[Masa Lalu dan Kenangannya]
"Aku gak selingkuh, Nya. Sumpah aku enggak selingkuh." Dengan sangat yakin ia ucapkan kalimatnya kepada perempuan yang lima tahun menjalin hubungan dengannya.
"Bohong terus! Muak aku dengernya! Muak!" Berseru keluarkan kecewa berikut amarah yang telah membelenggu selama beberapa bulan ini, tepat setelah mengetahui kebusukan pacarnya.
"Buat apa aku bohong sama kamu? Apa untungnya?" Nada frustrasi itu tak jua buka hati Vanya yang telah tertutup oleh kabut kecewa. "Dia bukan selingkuhan aku. Sumpah, Nya. Percaya aku please ... aku gak selingkuh."
"Terus cewek di rumah kamu itu siapa? Mama kamu? Mustahil, Za! Aku liat sendiri dia c1um kamu! Pasti kamu juga udah tidur sama dia! Iya, kan?" Napas Vanya menggebu sebab emosi telah mendominasi.
"Bener 'kan kamu udah tidur sama dia? Gak mungkin kalian gak ngelakuin apa-apa, sedangkan kalian tinggal bareng!!" Leher telah tonjolkan urat, tunjukkan besarnya amarah yang ia miliki sekarang. "Jawab, Erza Bimantara!" Sang pria terdiam, alih-alih ungkapkan bukti dari pernyataannya.

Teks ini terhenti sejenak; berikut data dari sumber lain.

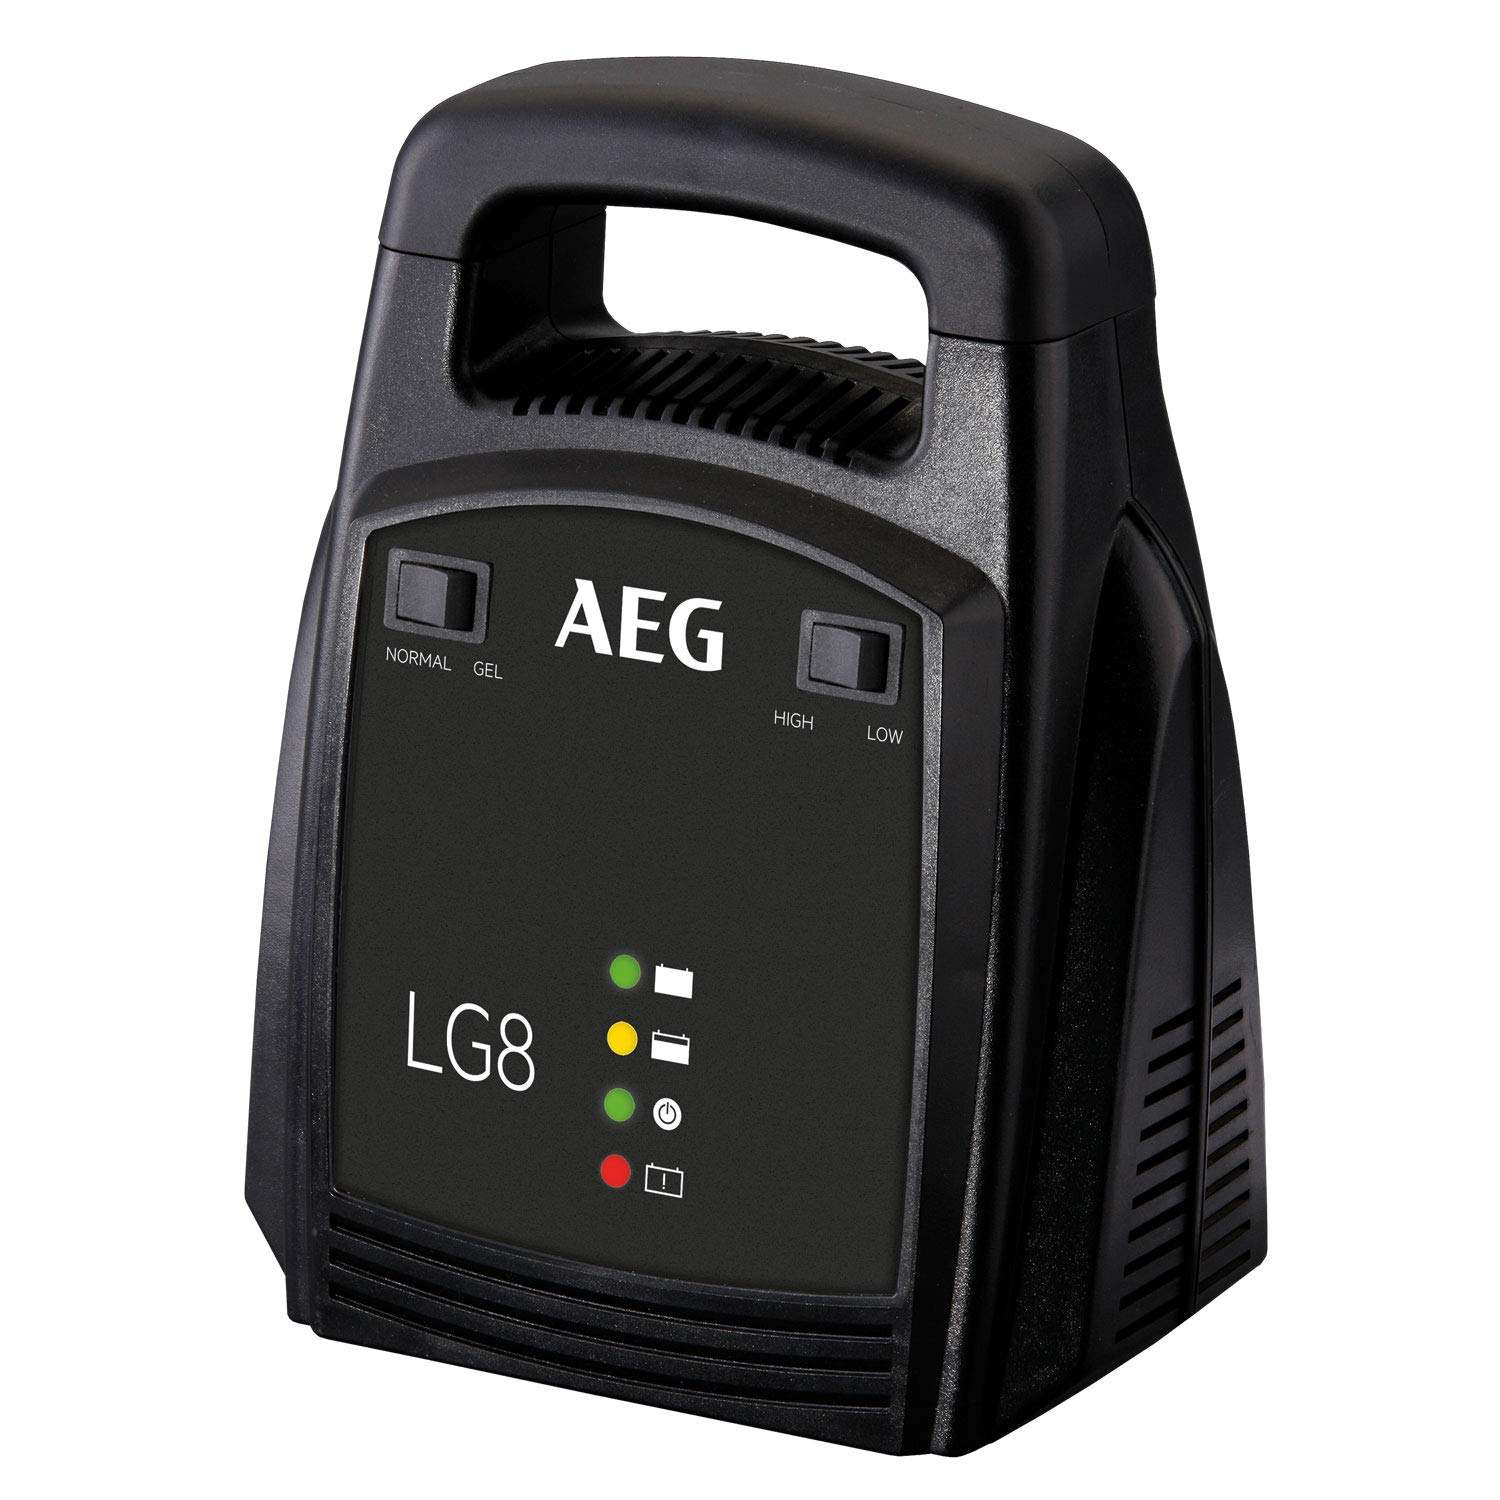 AEG Automotive 10273 Auto Batterie Ladegerät LG 8, 12 Volt/8 Ampere, mit LED Anzeige, schutzisolierte Batterieklemmen von AEG

"Bener 'kan? Kamu selingkuh!" Tidak ada lagi pembelaan dalam bentuk apapun, hanya sorot masygul yang tidak ingin Vanya pedulikan. "Kita sampe sini aja. Muak aku dibohongin terus sama kamu." Angkat kaki dirasa keputusannya telah benar agar ia bisa keluar dari lingkaran toxic hubungan mereka.
Vanya tidak menyangka kesetiannya dipermainkan seperti ini.
Erza Bimantara, pria itu berani mengkhianatinya.
Andai Vanya tidak peka akan perubahan Erza yang sering hilang kabar, Vanya akan terus terjebak di hubungan ini, dan tidak akan tahu bahwa selama ini Erza berselingkuh dengan perempuan lain.
Bahkan pria itu berani menempati selingkuhannya di rumahnya. Vanya yakin Erza tidak hanya menidurinya, tapi juga meniduri wanita lain.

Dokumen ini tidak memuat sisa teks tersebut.